Keep that in mind too Narcissists are often expert liars; if they say this, chances are it’s not even true.

6) “I’m just trying to help you”

Can you remember a time when someone offered you “help” that felt more like an imposition or a way to undermine your abilities?

In my early twenties, a family member constantly gave me unsolicited advice about my career, despite being in a completely different industry. When I said I felt able to make my own decisions, he replied, “I’m just trying to help you.” I wondered if I was being overly defensive or not appreciating his “concern.”

Here’s the problem: When someone frequently uses “I’m just trying to help you” in response to your resistance or discomfort, it’s often a way to mask overbearing or controlling behavior. It turns the situation around and positions them as the benevolent figure and you as the one rejecting their goodwill.

But real help is different. It respects boundaries and is given in response to your needs and requests, not imposed based on what someone else thinks is best for you. If you hear this phrase often, especially if you have not asked for help or indicated that it is not necessary, it is a warning sign.

7) “You wouldn’t understand”

“You wouldn’t understand” is often used as a subtle form of exclusion and belittling. It’s a way for a covert narcissist to position themselves as superior or more enlightened, implying that you lack the ability or insight to understand what they’re talking about.

But here’s what really happens: By saying “you wouldn’t understand,” they avoid having to justify or discuss their actions. It is not a reflection of your understanding or intelligence; it is a tactic to keep you at a distance and avoid scrutiny.

Almost everyone has the ability to understand complex situations, given the right explanation and context.

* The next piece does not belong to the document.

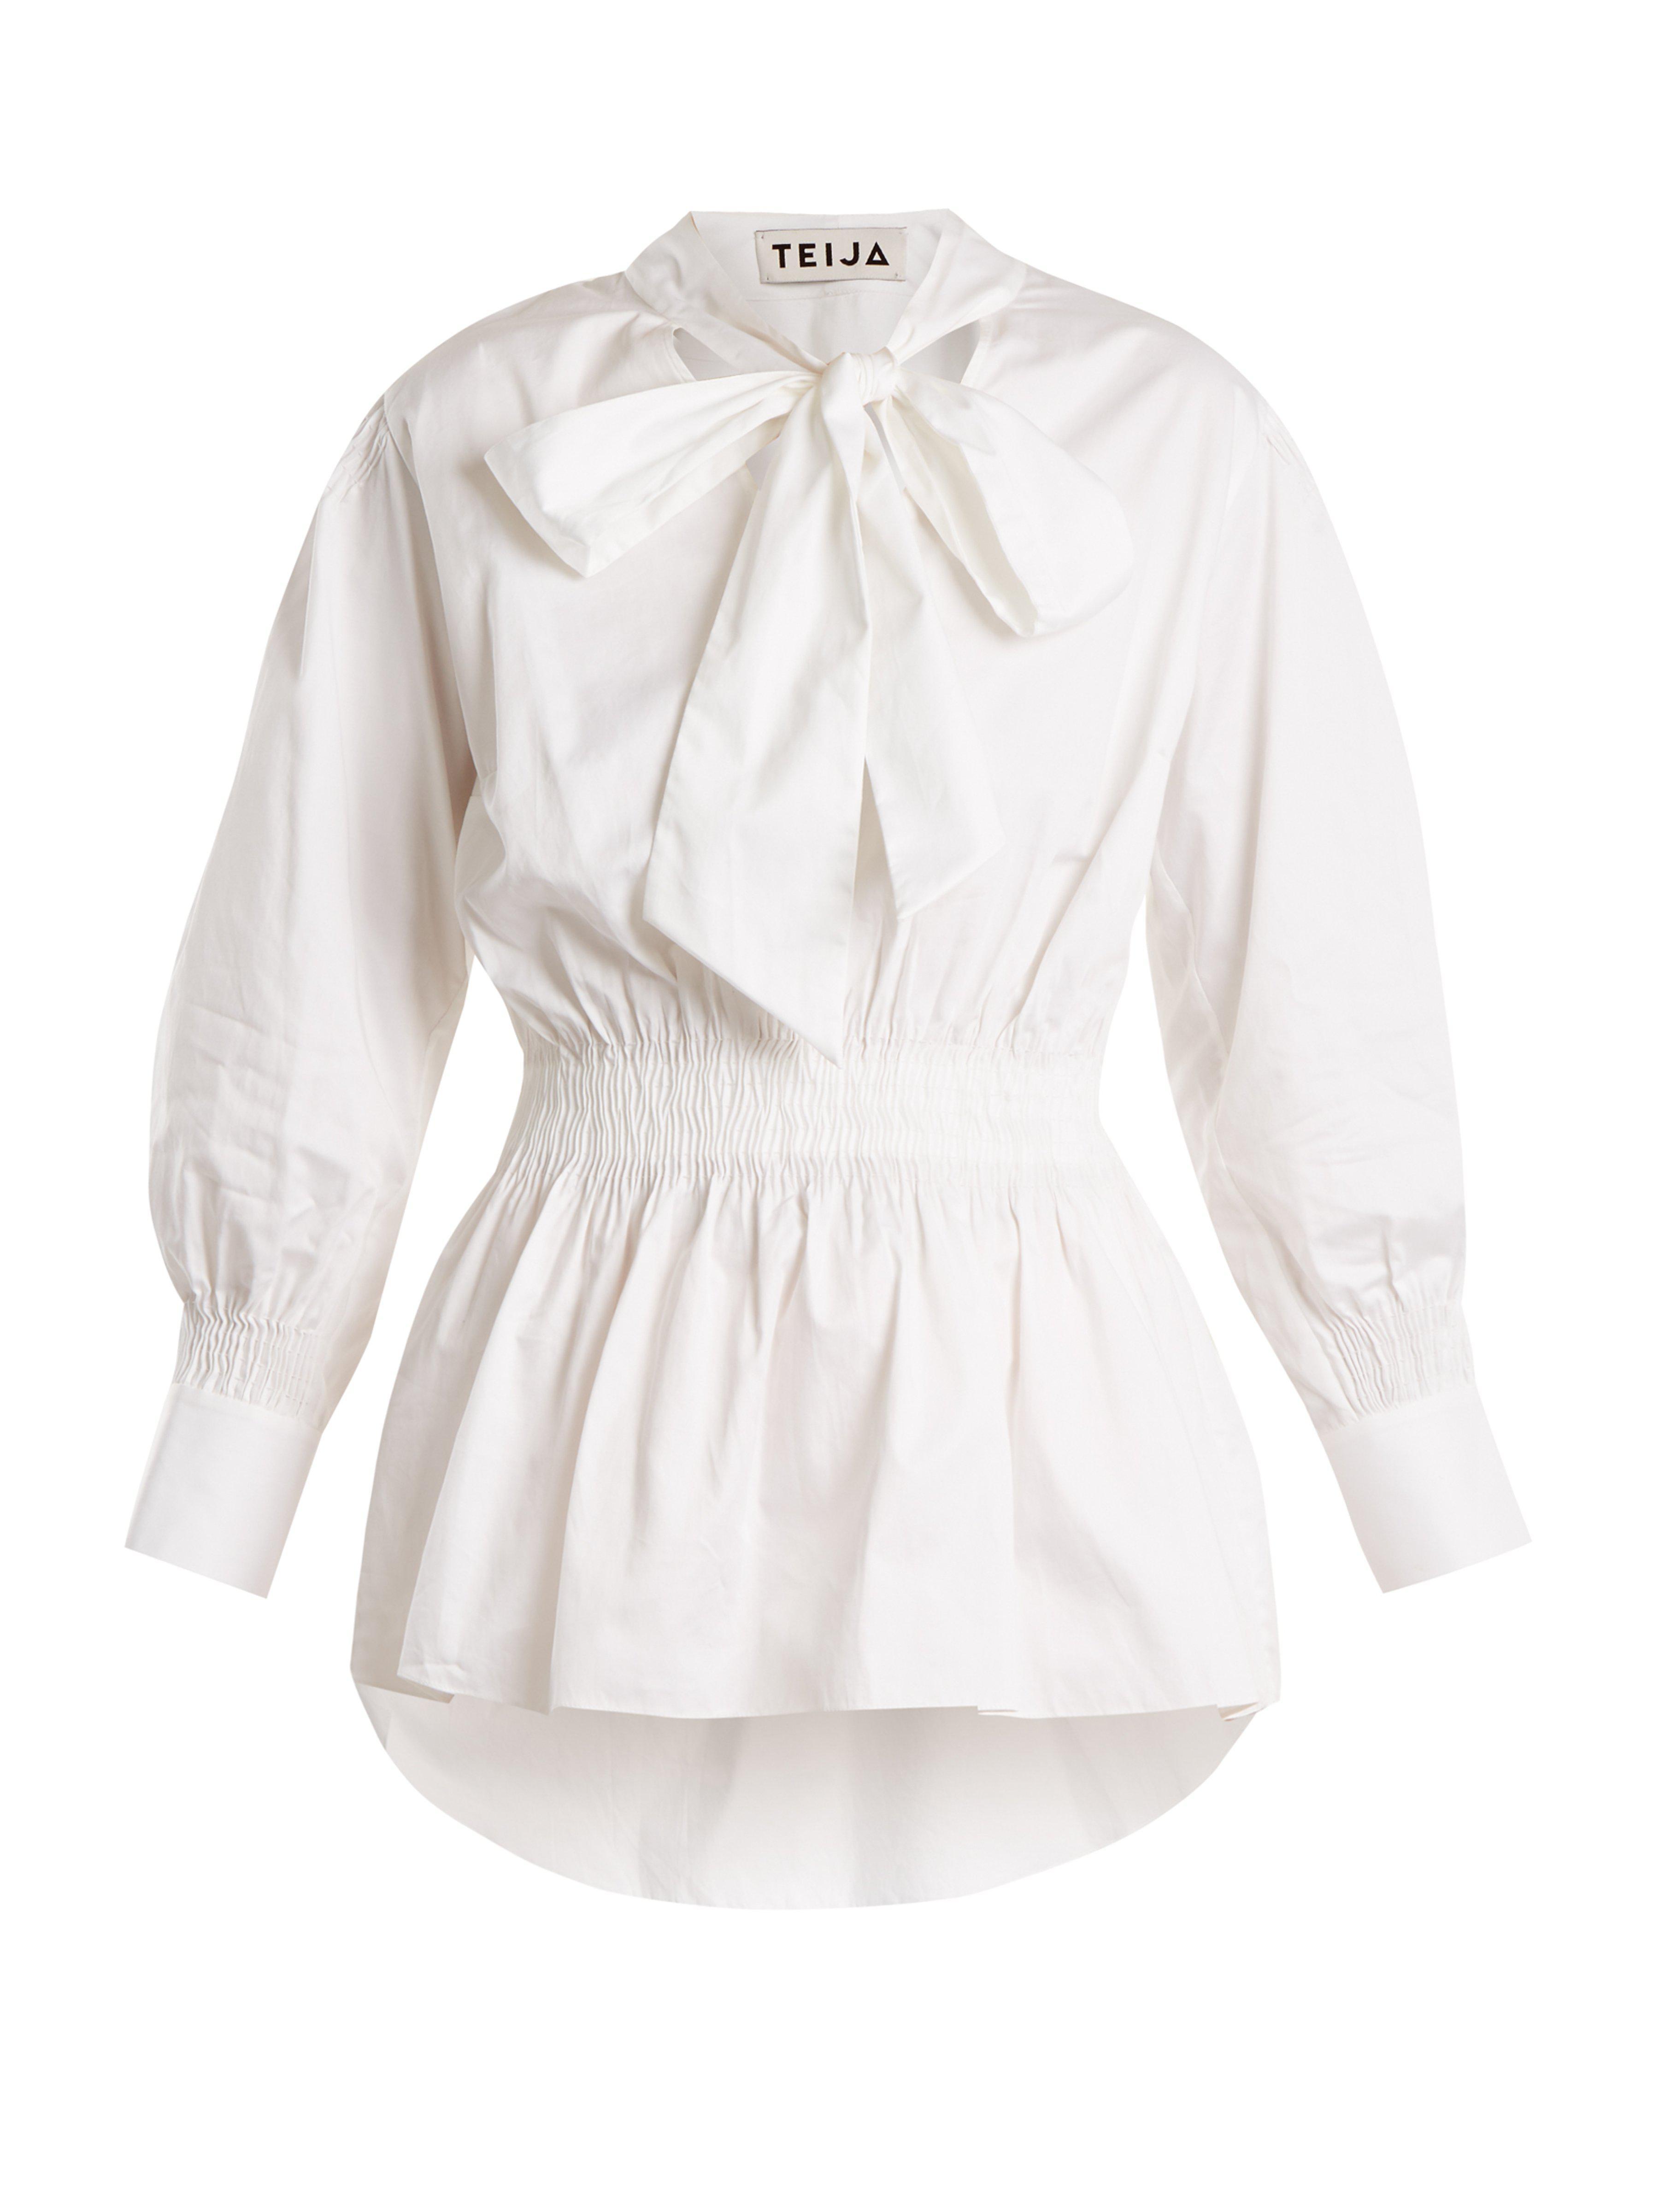 Cotton Teija Neck Top Tie Lyst White wnaq6A
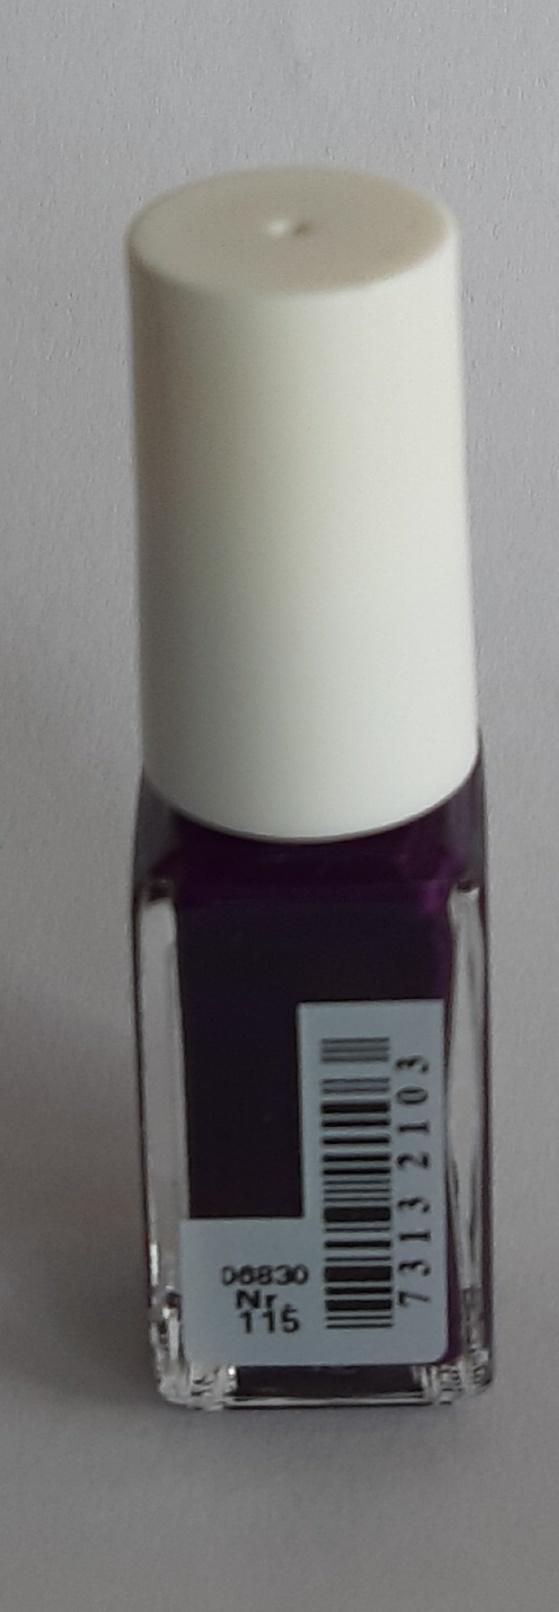 Mykored Anti-Voetschimmel en O2 Depend Nagellak Nagellak O2 Depend zuurstof doorlatend nr. 115 donker paars

Being told you wouldn’t understand is not a reflection of your abilities, but a manipulation tactic to undermine your self-confidence and keep you in the dark.

And it often comes with this next one.

8) “You will eventually learn that…”

My colleague, who I mentioned at the beginning of this post, was a big fan of this. When I shared my opinion, he would often dismiss it with, “I understand your opinion, but eventually you’ll find out I’m right.”

The phrase attempts to undermine our confidence in our own beliefs and decisions. It positions the speaker as wiser or more experienced, suggesting that our understanding will eventually align with theirs, invalidating our current perspective.

But the truth is that our views may ultimately not align. In my experience, they probably won’t. Over time, my views only drifted further from those of the colleague in this example.

Don’t let patronizing statements like these undermine your self-confidence and growth.

9) “You just don’t get it”

Disagreements or different perspectives are normal in any conversation. But using “You don’t understand” as a blanket statement to dismiss someone’s position is not about promoting understanding; it’s about asserting dominance.

If you often encounter this phrase, especially in situations where you are confident in your understanding, it is worth considering whether it is being used to undermine you.

Healthy discussions where there is mutual respect and a willingness to consider different points of view, not dismiss them outright.

It is important to trust your knowledge and insights.

Being told in a condescending way that you don’t understand doesn’t necessarily reflect your understanding of the situation; rather, it often reflects the other’s desire to assert his or her perceived superiority.

it comes down to

Covert narcissists use subtle expressions like those above to manipulate and undermine our self-confidence, making it crucial to recognize and trust our own feelings and judgment.

Your perspectives, decisions, and emotions are valid. Don’t let manipulative tactics erode your self-esteem or autonomy.

Stay aware, trust yourself and maintaining healthy boundaries.